Run this command to filter RecentPDB entries:

python benchmark/scripts/filter_for_recentpdb.py -c [mmcif_dir] -o [chain_interface_csv] -m [meta_csv] -n [num_cpu]
  • mmcif_dir: Directory with MMCIF files downloaded from RCSB PDB.
  • chain_interface_csv: Output CSV file recording filtered chain and interface information for RecentPDB dataset.
  • meta_csv: Output CSV file containing meta information of filtered entries.
  • num_cpu: Number of CPU cores for processing. Recommended CPU-to-memory (GB) ratio is 1:4.

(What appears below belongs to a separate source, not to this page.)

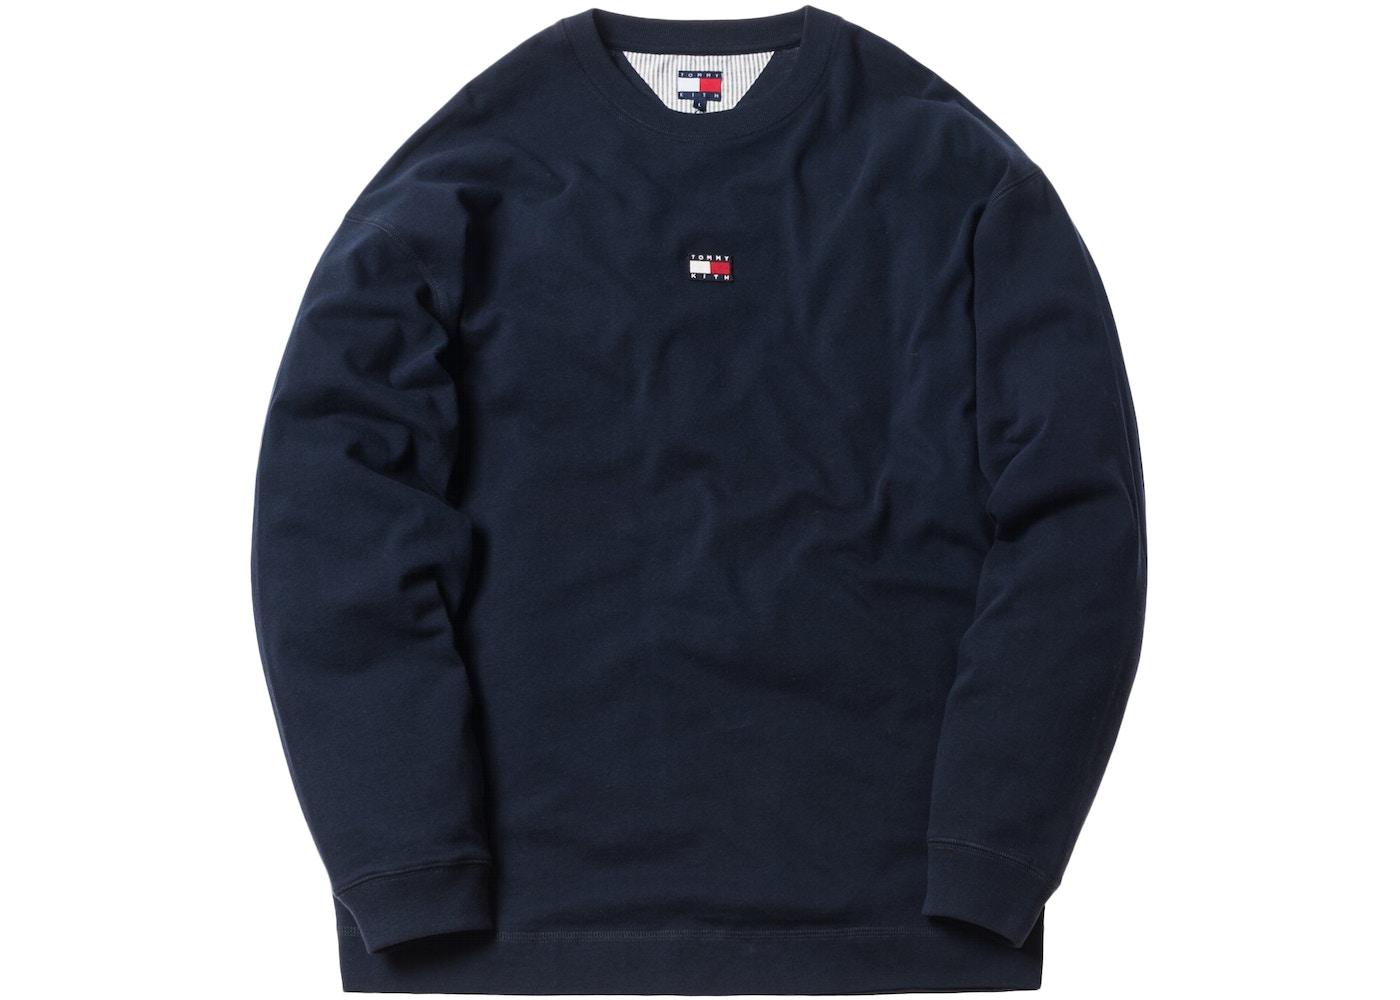 b3cdc0d9 Kith T-Shirts - Buy & Sell Streetwear
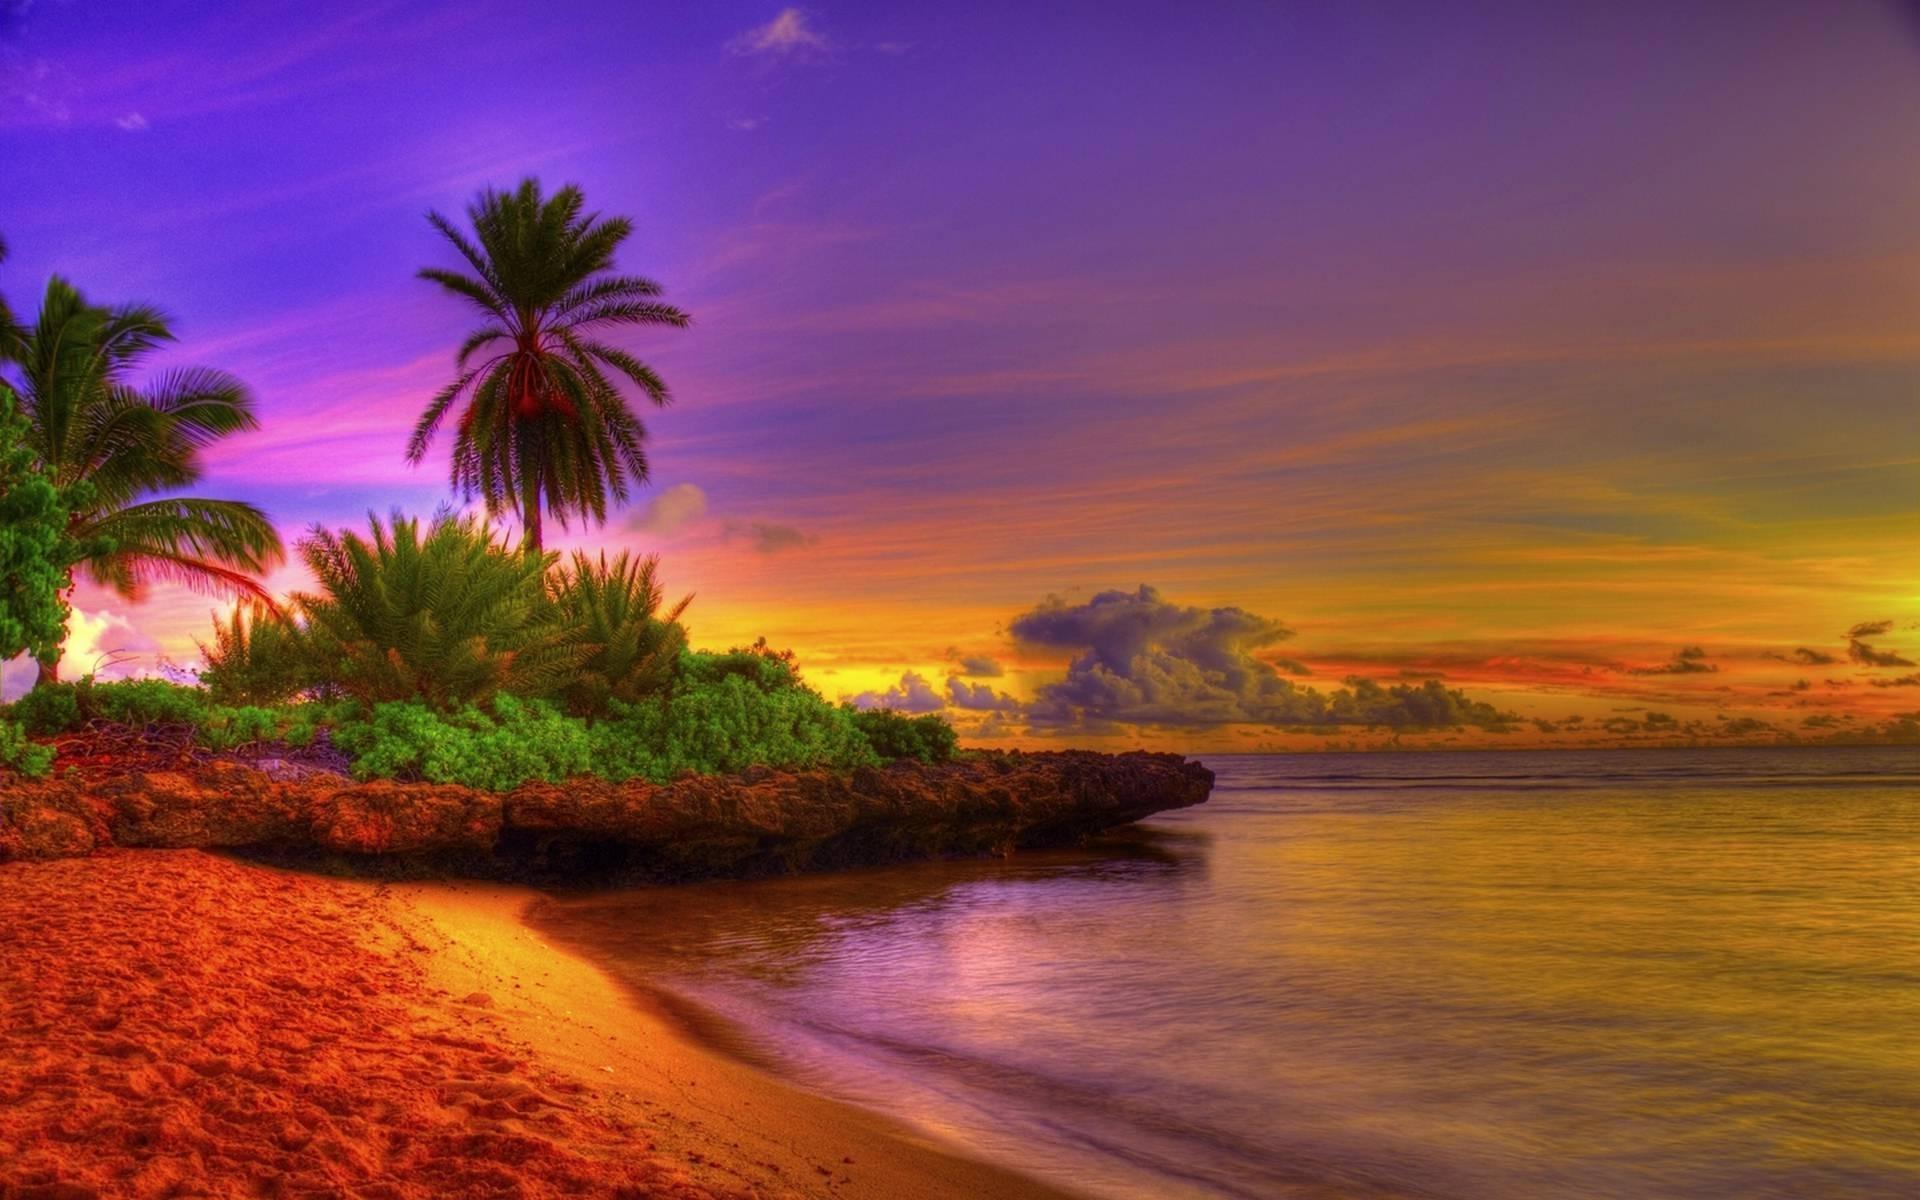 Sunrise Tropical Beach #15592 Wallpaper | Wallpaper hd

2. Filter to Low Homology Subset

Run this command to filter to the Low Homology subset:

python benchmark/scripts/filter_to_lowh.py -c [chain_interface_csv] -t [test_to_train_json] -o [output_protein_lowh_csv] -n [output_nuc_lowh_csv]
  • chain_interface_csv: Input CSV with filtered chain and interface info from RecentPDB.
  • test_to_train_json: A JSON file containing a dictionary where keys are entities from the test set in the format '{PDB ID}_{Entity ID}', and values are lists of similar entities (high homology) from the train set in the same format.
  • output_protein_lowh_csv: Output CSV with filtered chain and interface info for RecentPDB Low Homology Protein subset.
  • output_nuc_lowh_csv: Output CSV with filtered chain and interface info for RecentPDB Low Homology Nucleic Acids subset.